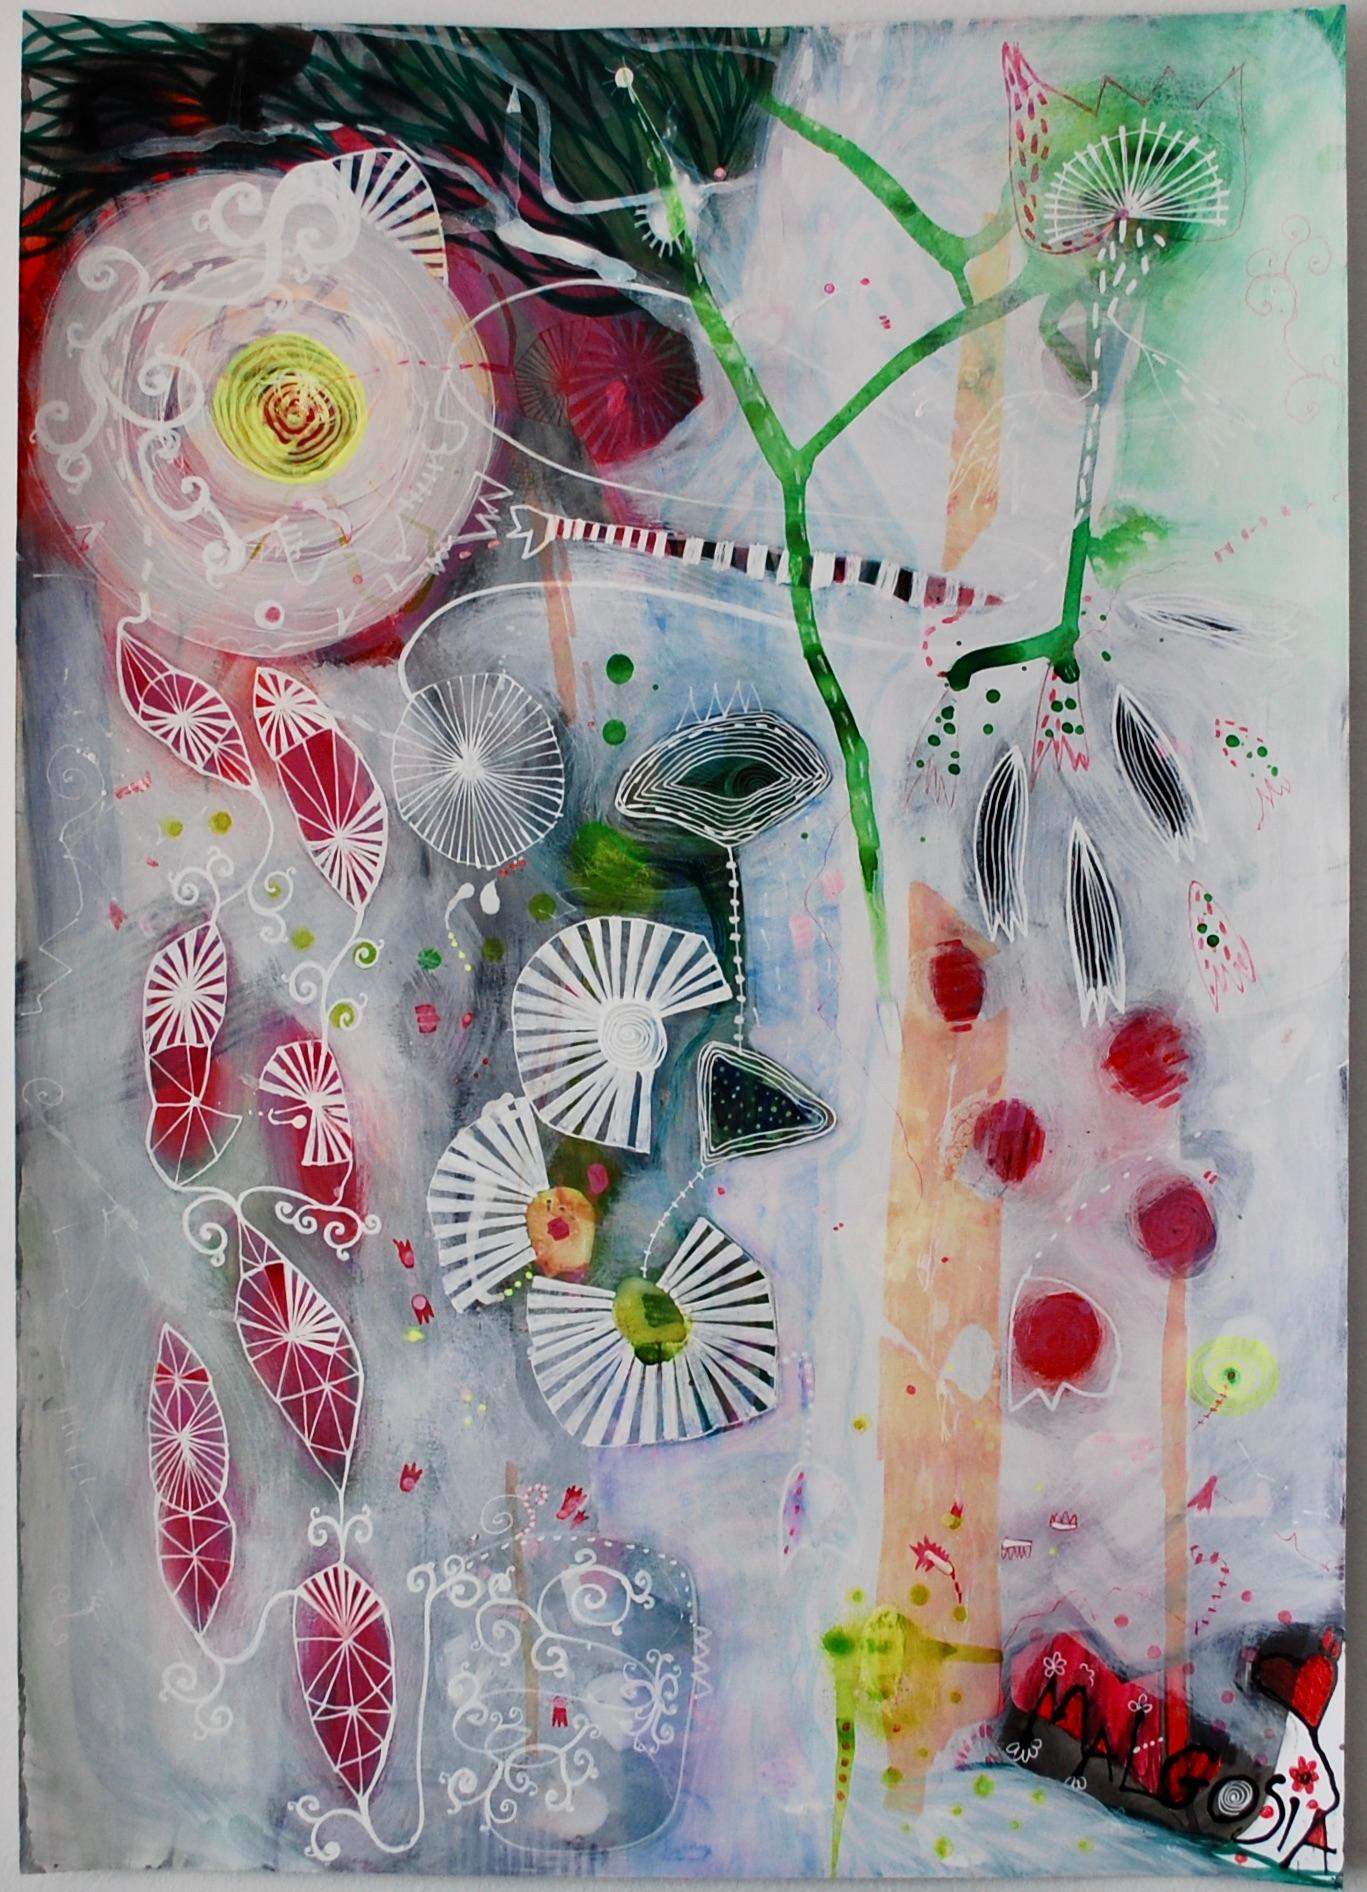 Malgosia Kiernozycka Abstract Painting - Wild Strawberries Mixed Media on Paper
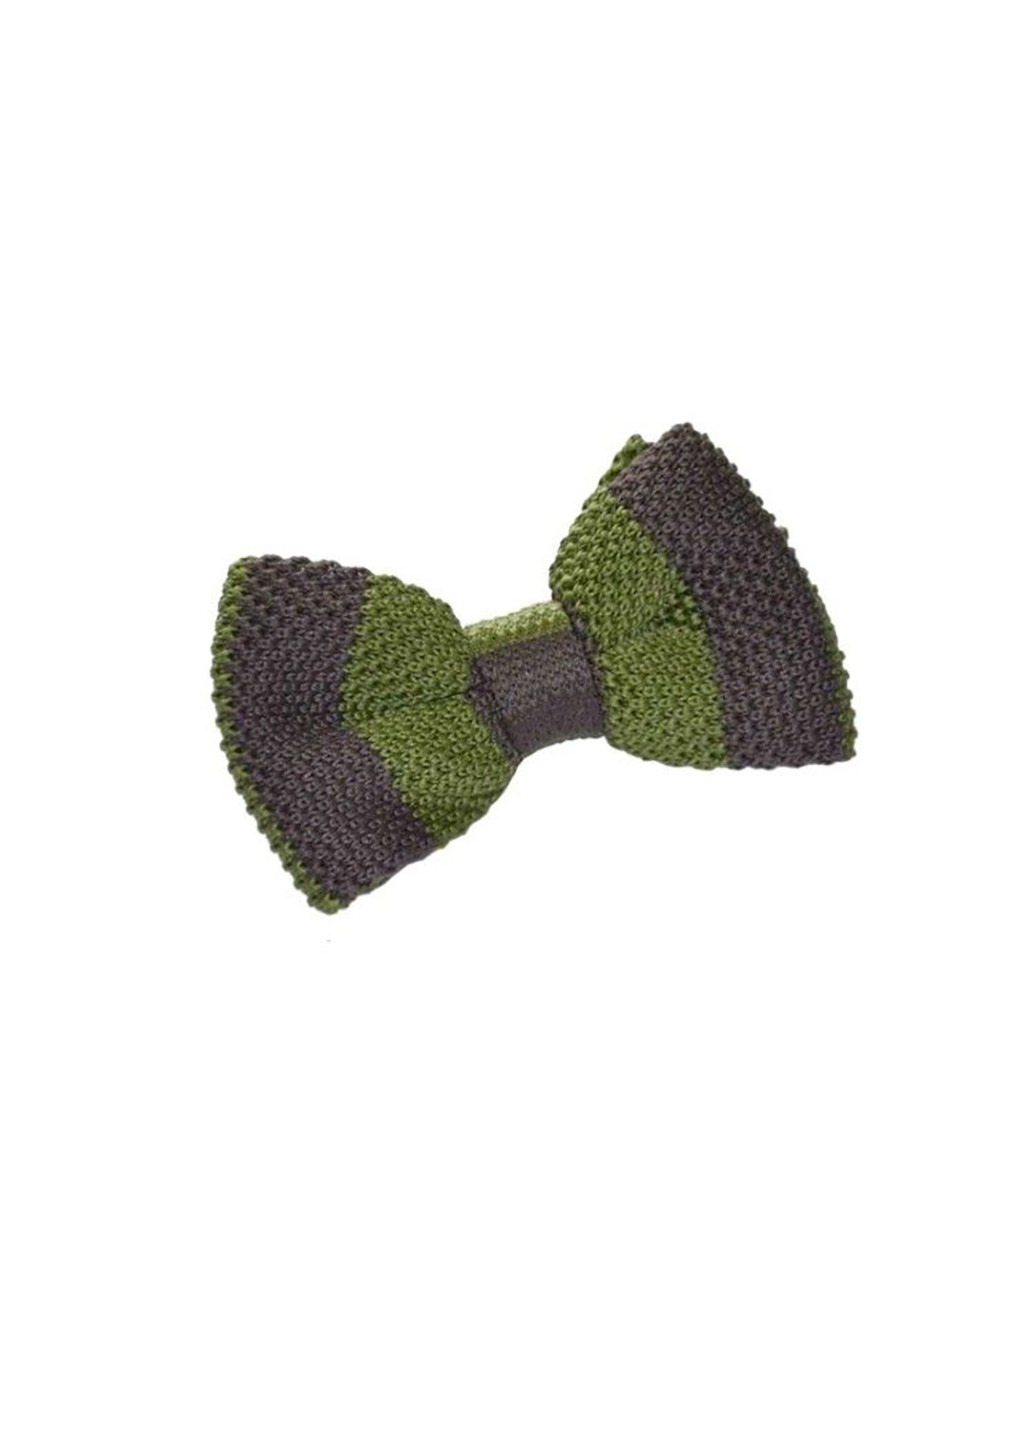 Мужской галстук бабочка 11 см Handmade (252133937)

^^^^^^^^

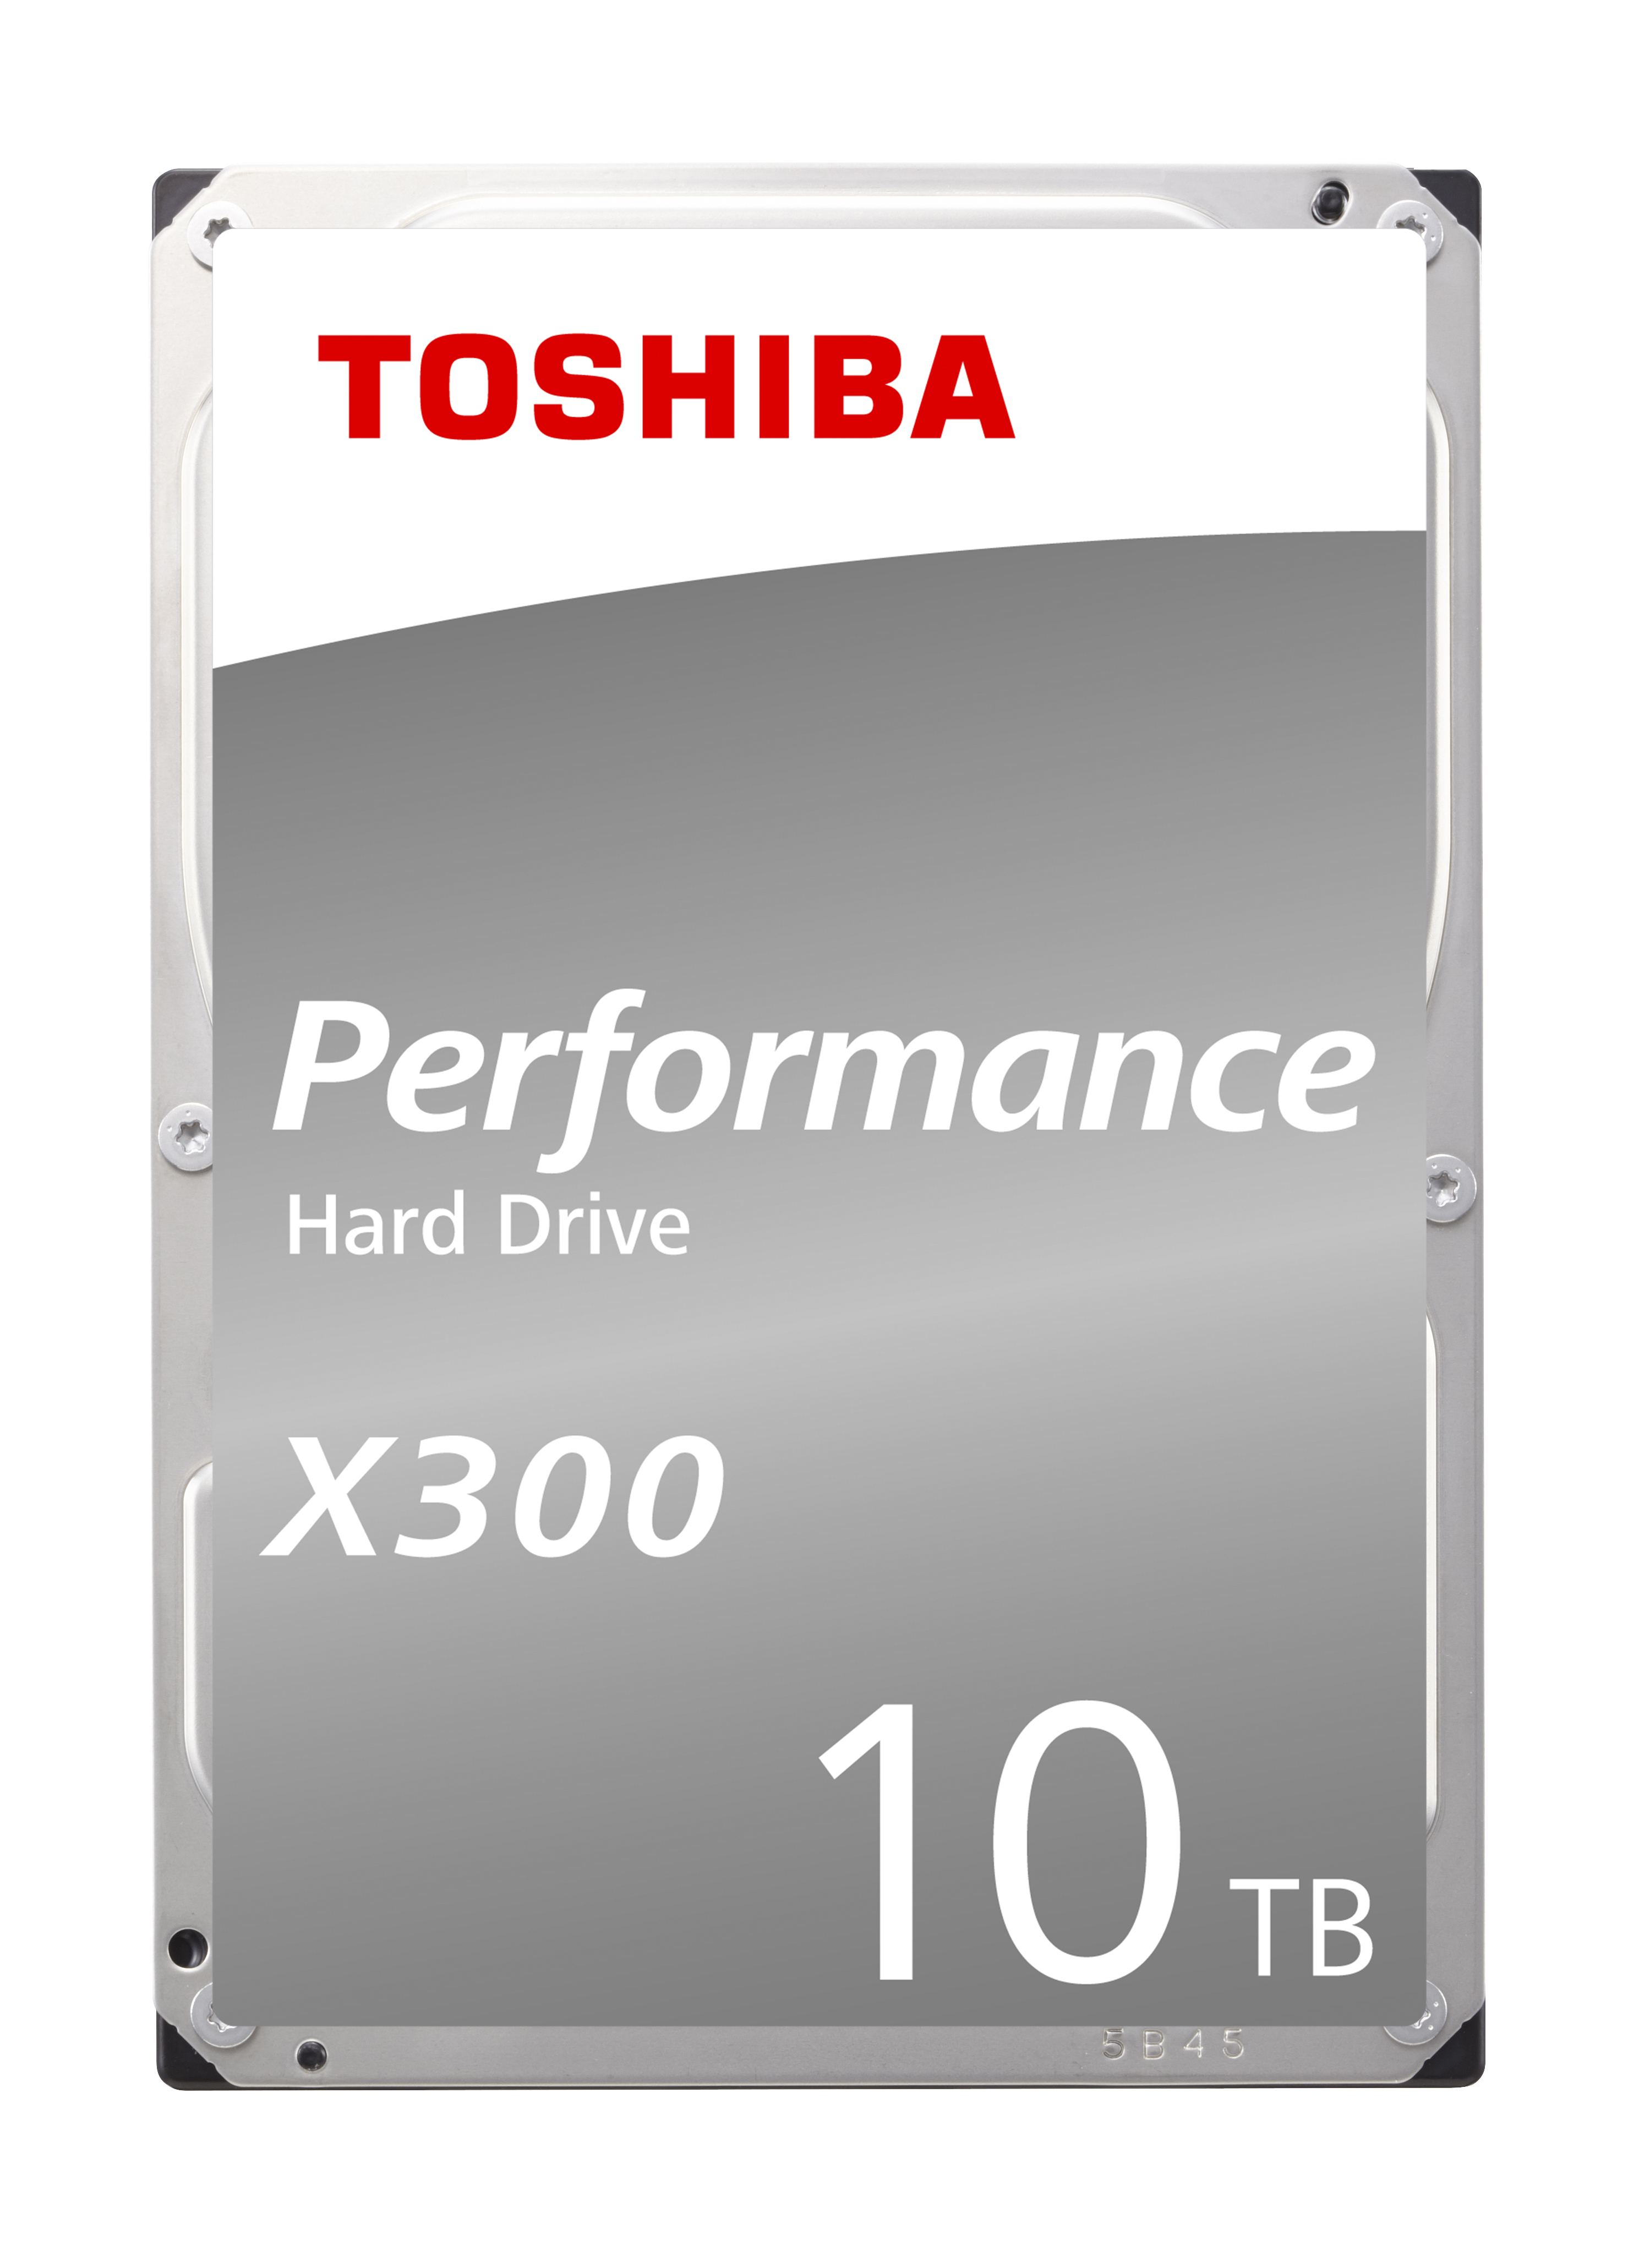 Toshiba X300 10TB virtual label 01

^^^^^^^^

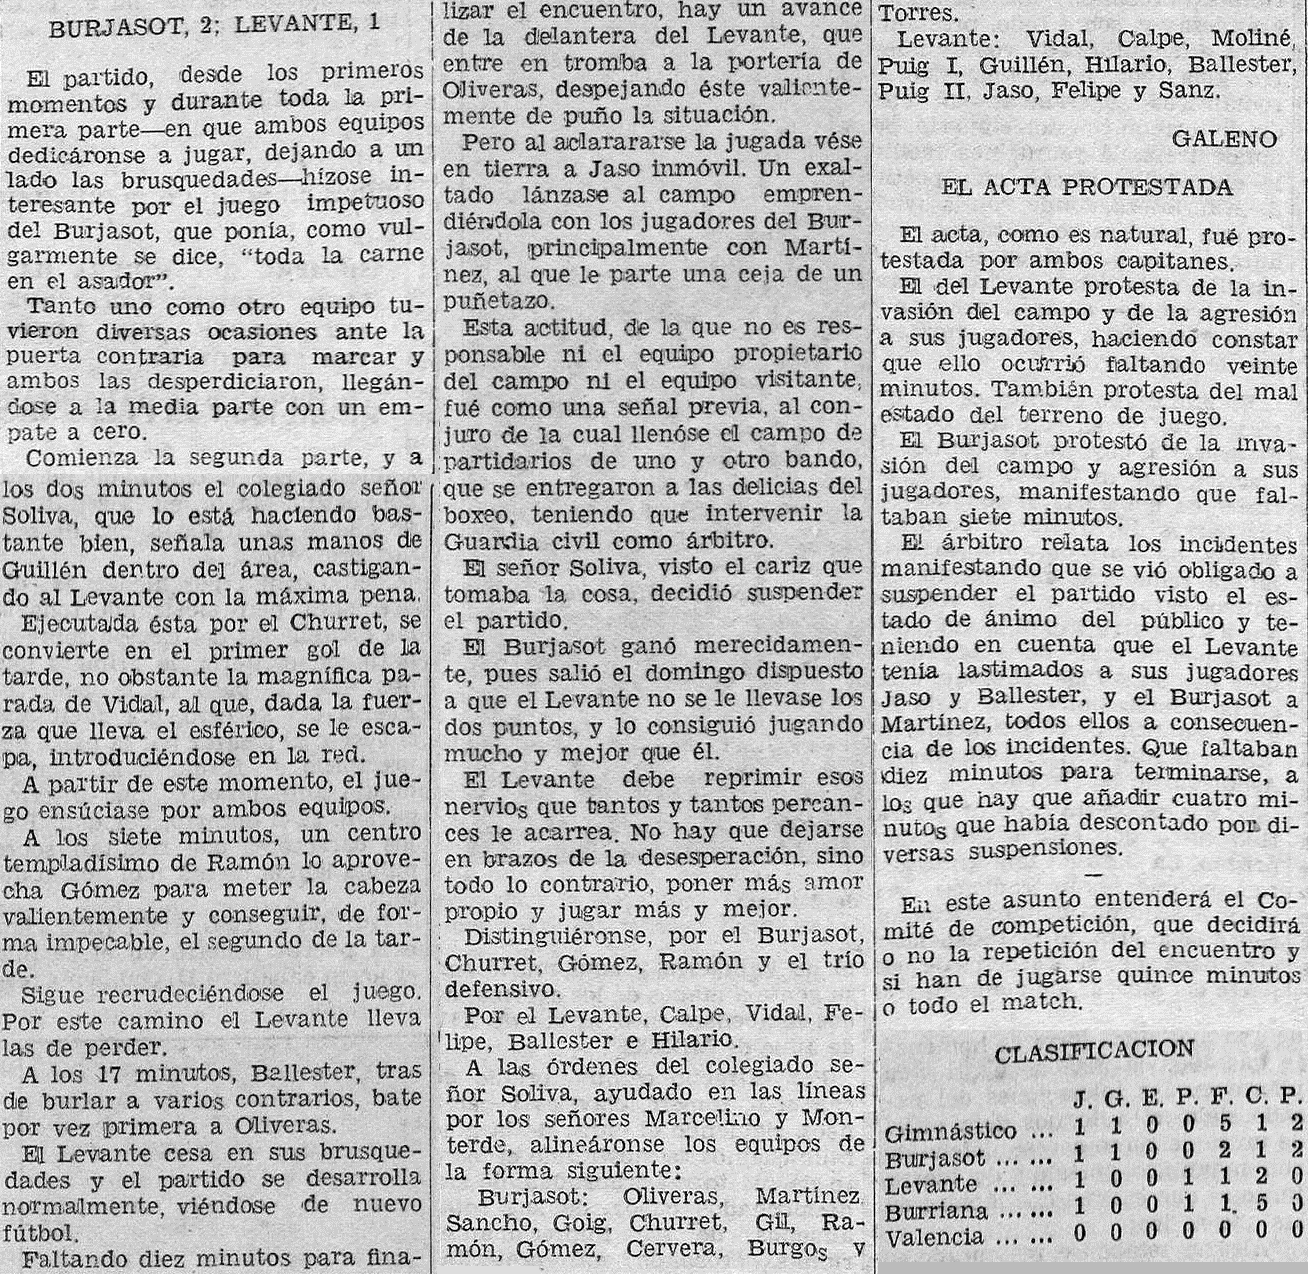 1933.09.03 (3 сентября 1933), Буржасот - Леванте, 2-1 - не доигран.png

^^^^^^^^

What to produce: Set down exactly the lines above, from the line containing "Malgosia Kiernozycka Abstract" through the line containing "Мужской галстук бабочка". Skip the pictures.

Response area:
 Malgosia Kiernozycka Abstract Painting - Wild Strawberries Mixed Media on Paper
 Мужской галстук бабочка 11 см Handmade (252133937)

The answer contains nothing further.